NEW DELHI: India will send a three-member team into orbit for up to a week when it launches its first manned space mission expected in 2022, the government announced Friday.
Indian ministers approved $1.4 billion to provide technology and infrastructure for the programme, according to a government statement.
The sum would make India’s one of the cheapest manned space programmes, stepping up its space rivalry with China. But the statement said India also hopes to take part in “global” space projects.
India will become the fourth nation after Russia, the United States and China to send a manned mission into space.
Ministers approved financing to launch an Indian-developed craft into a “low earth orbit” for a duration ranging from one orbital period to a maximum of seven days, the statement said.
Prime Minister Narendra Modi announced in August that India will launch a manned space flight by 2022 with at least one astronaut. The cabinet had not approved the project however.
There will be two unmanned and one manned flights to launch the Gaganyaan (Sky-Vehicle) Programme, the statement said.
Without giving a date for the blast off, the government said the manned flight would be “within 40 months” of Friday’s meeting.
Modi has hailed the national space programme as a prestige project.
The government has stated that space flights will boost the economy, generate jobs and enhance capabilities in areas such as medicine, agriculture and fighting pollution.
A successful manned mission would allow India to become a “collaborating partner in future global space exploration initiatives with long term national benefits,” said the statement.

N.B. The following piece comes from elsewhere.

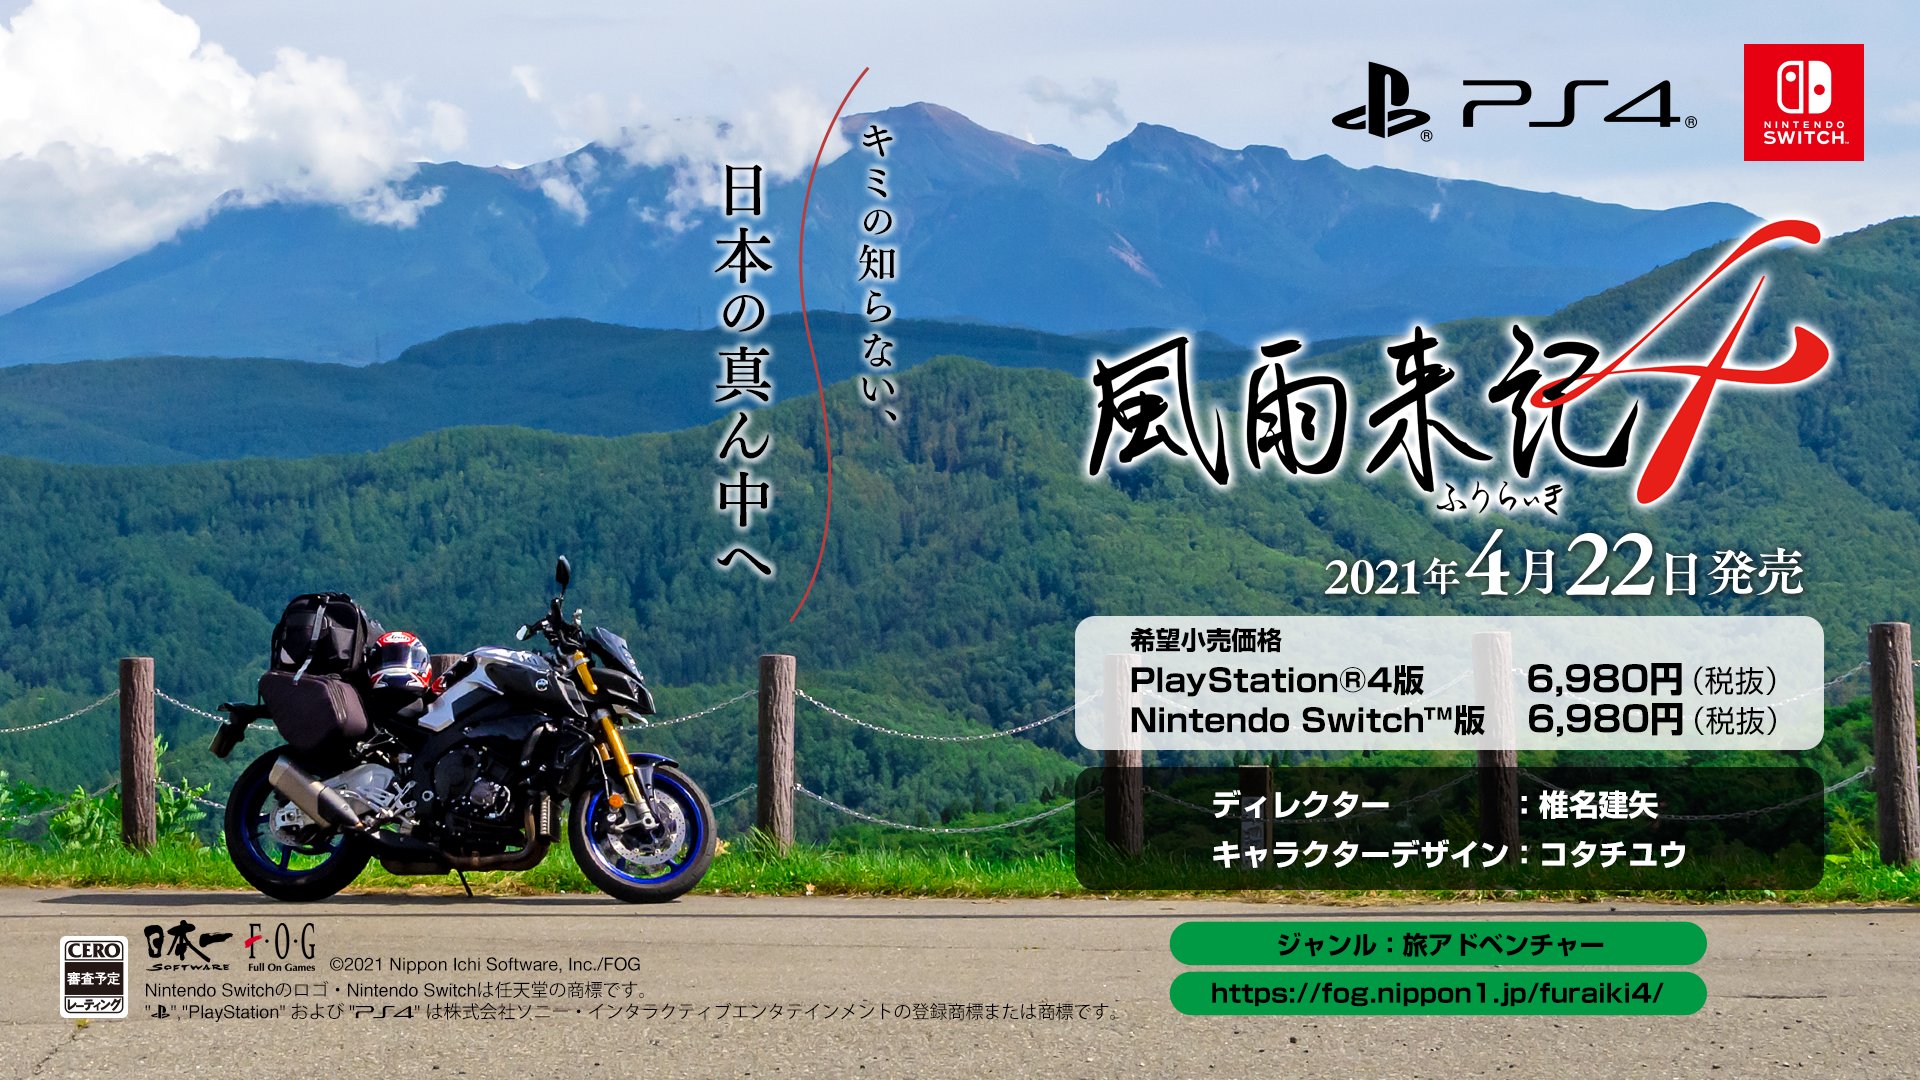 最新作の舞台は日本の真ん中 岐阜県 Ps4 Switch用 風雨来記4 が21年4月22日に発売決定 Game Watch

The country has invested heavily in its space programme in the past decade.
The Indian Space Research Organisation announced in July that it planned to send an unmanned mission to the moon in 2019.
India launched an orbiter to Mars in 2013 which is still operational and last year launched a record 104 satellites in one blast-off.
New Delhi is competing with other international players for a greater share of the satellite market, and hopes its low-cost space programme will give it an edge.
China put its first humans into space in 2003 but its Shenzhou programme cost more than $2.3 billion.
Experts say the United States spent the equivalent of about $110 billion at current values on preparatory flights and the mission to put the first man on the moon in 1969.